Guest blogger Karina from Cafe Delites has a great food lovers blog and tons of yummy recipes you’ll want to test out! So drop by and cook away. Today’s feature is a simple, killer recipe to elevate home comfort.
Garlic Parmesan Browned Butter Mashed Potatoes
My name is Karina and this is my internet kitchen hang-out. A self-confessed balanced foodie sharing some waistline friendly recipes that are full of flavor! Life is too short for bland and boring. It’s about finding balance and falling in love with food all over again!
There are mashed potatoes, and then there are MASHED POTATOES! Browned Butter Mashed Potatoes are in a realm of their own with irresistible garlic and parmesan flavors.
Get your pots and pans out! Garlic Parmesan Browned Butter Mashed Potatoes is the ultimate mashed potatoes recipe everyone will fall in love with. You haven’t lived until you’ve tried mashed potatoes with browned butter!
Browned butter is like liquid gold, adding a deliciously fried nutty taste and aroma to anything… especially a classic mash. Our browned butter love affair began years ago, drizzling it over and mixing it into everything. Browned butter everywhere!
Looking at a pot full of boiled potatoes, I thought “wait a second” Why don’t I put browned butter in the mashed potatoes? Why haven’t I ever done that? And with crispy garlic pieces! Hold me! All of your neighbors will smell the buttery fried garlic wafting in their windows. The joy you will go through pouring browned butter into your potatoes may feel a little over exaggerated, but you’re not alone!
- 3 pounds (1.5 kg) potatoes of your choice peeled
- 6 oz (185 g) unsalted butter
- 4 cloves garlic, crushed
- 1/2 cup grated parmesan cheese
- 1 cup milk (more if needed)
Peel potatoes and cut into large chunks. Boil in salted water for 20 minutes or until fork tender (not falling apart).

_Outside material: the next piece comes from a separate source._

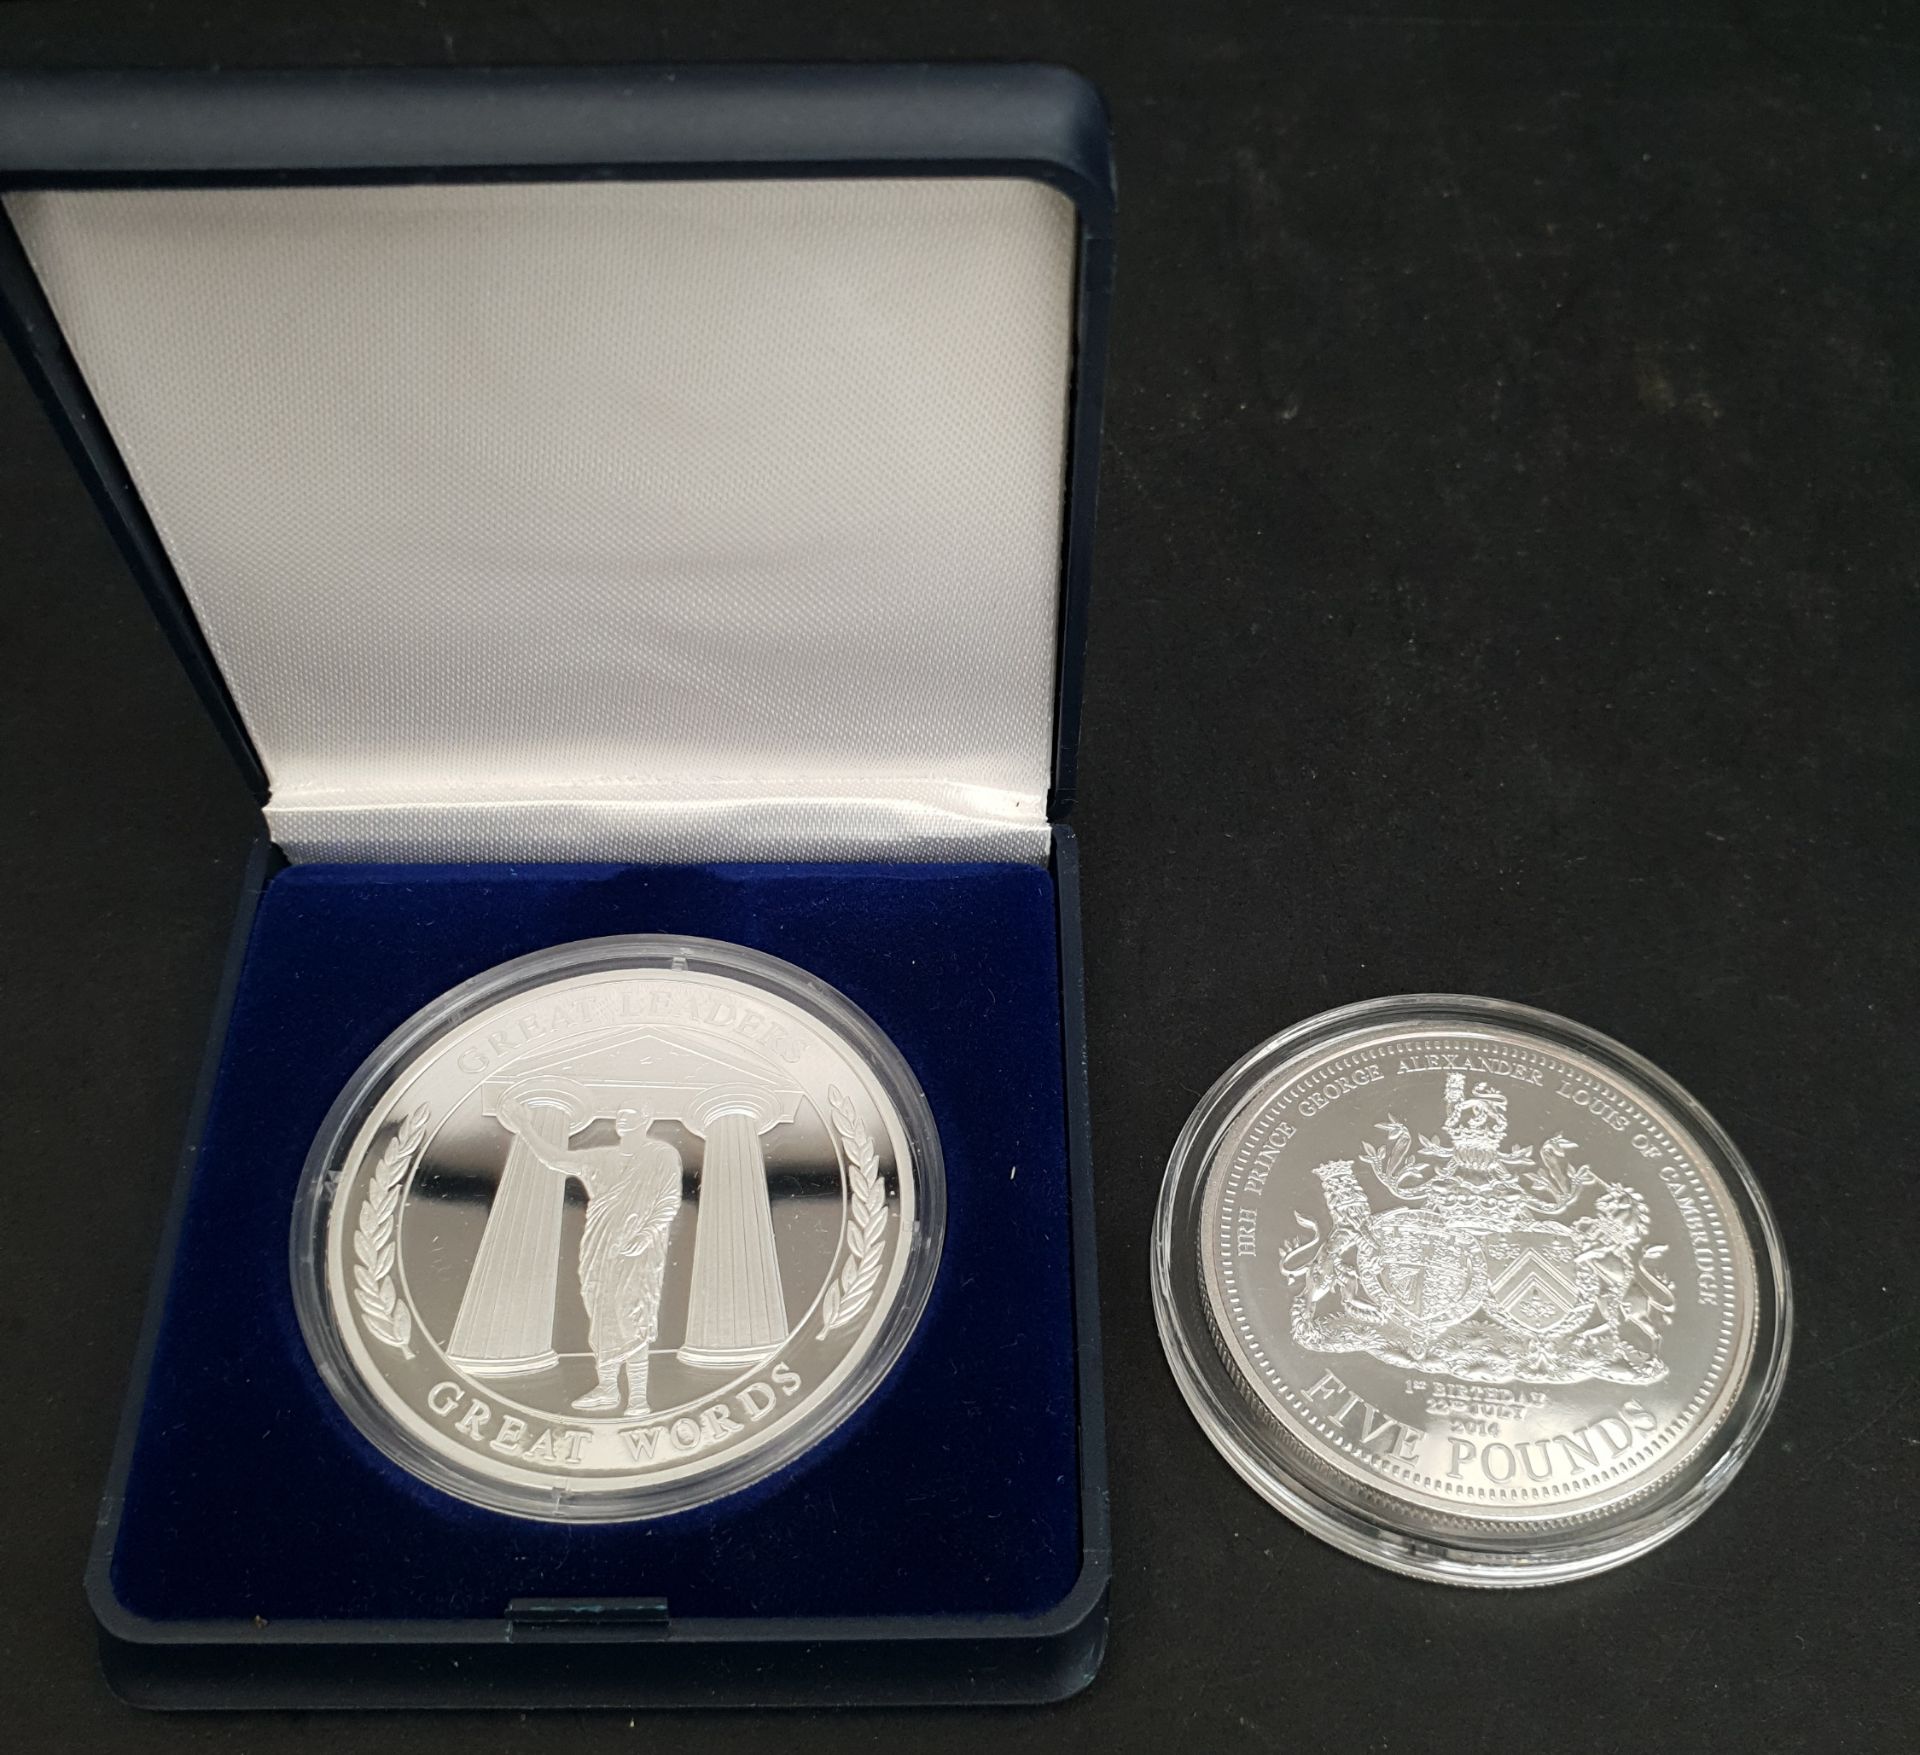 Collectable Coins Churchill Silver & Prince George 1st Birthday £5 Coin - Image 2 of 3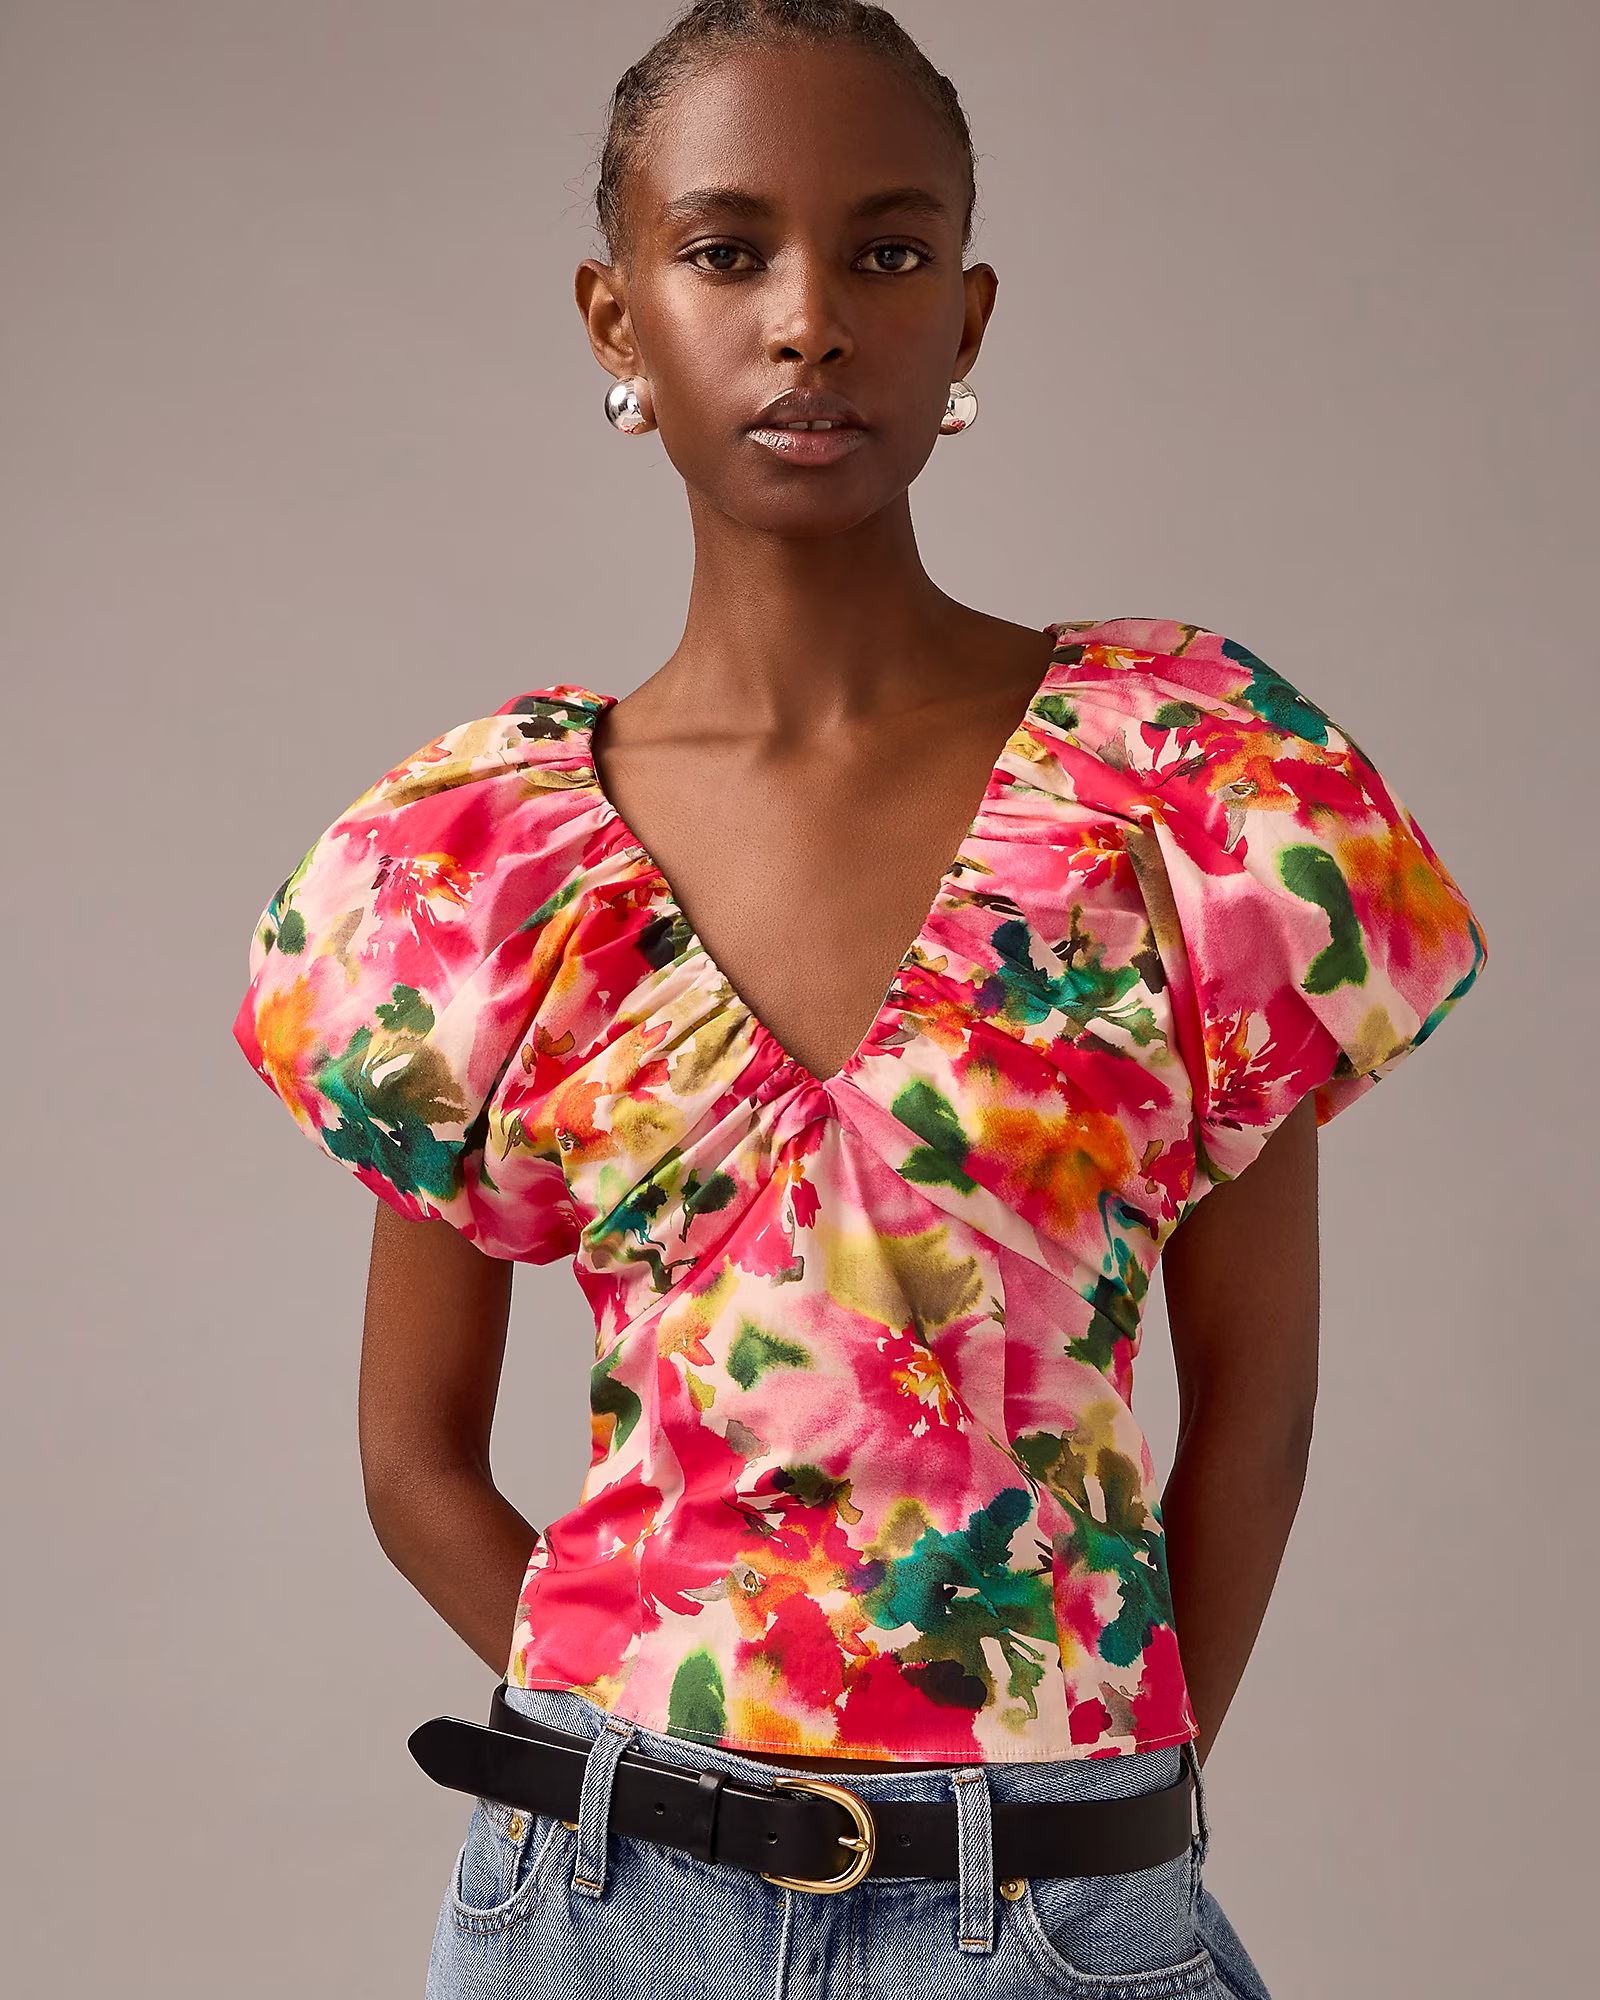 Cecily top in floral stretch cotton poplin blend | J.Crew US

When butter begins to foam, add the crushed garlic and reduce heat to medium. Stir continuously and swirl the pan until the butter begins to change color and turn golden brown with a nutty aroma. Its normal to see crispy little brown bits at the bottom of the pan. Remove immediately from heat. Set aside.
Drain potatoes and transfer them back to the pot.
Strain just over half of the browned butter over the boiled potatoes through a sieve. Reserve crispy garlic pieces to serve later.
Add the parmesan cheese and milk. Beat with a hand beater until smooth and creamy (about 1-2 minutes) — or use a potato masher. Add extra milk if you like a thinner mashed potato consistency.
Taste test and season with more salt if needed.
Serve with reserved browned butter, extra parmesan cheese, chopped parsley and crispy garlic pieces.
Note: *If using a hand beater, it’s important not to over beat them, as they can turn gooey.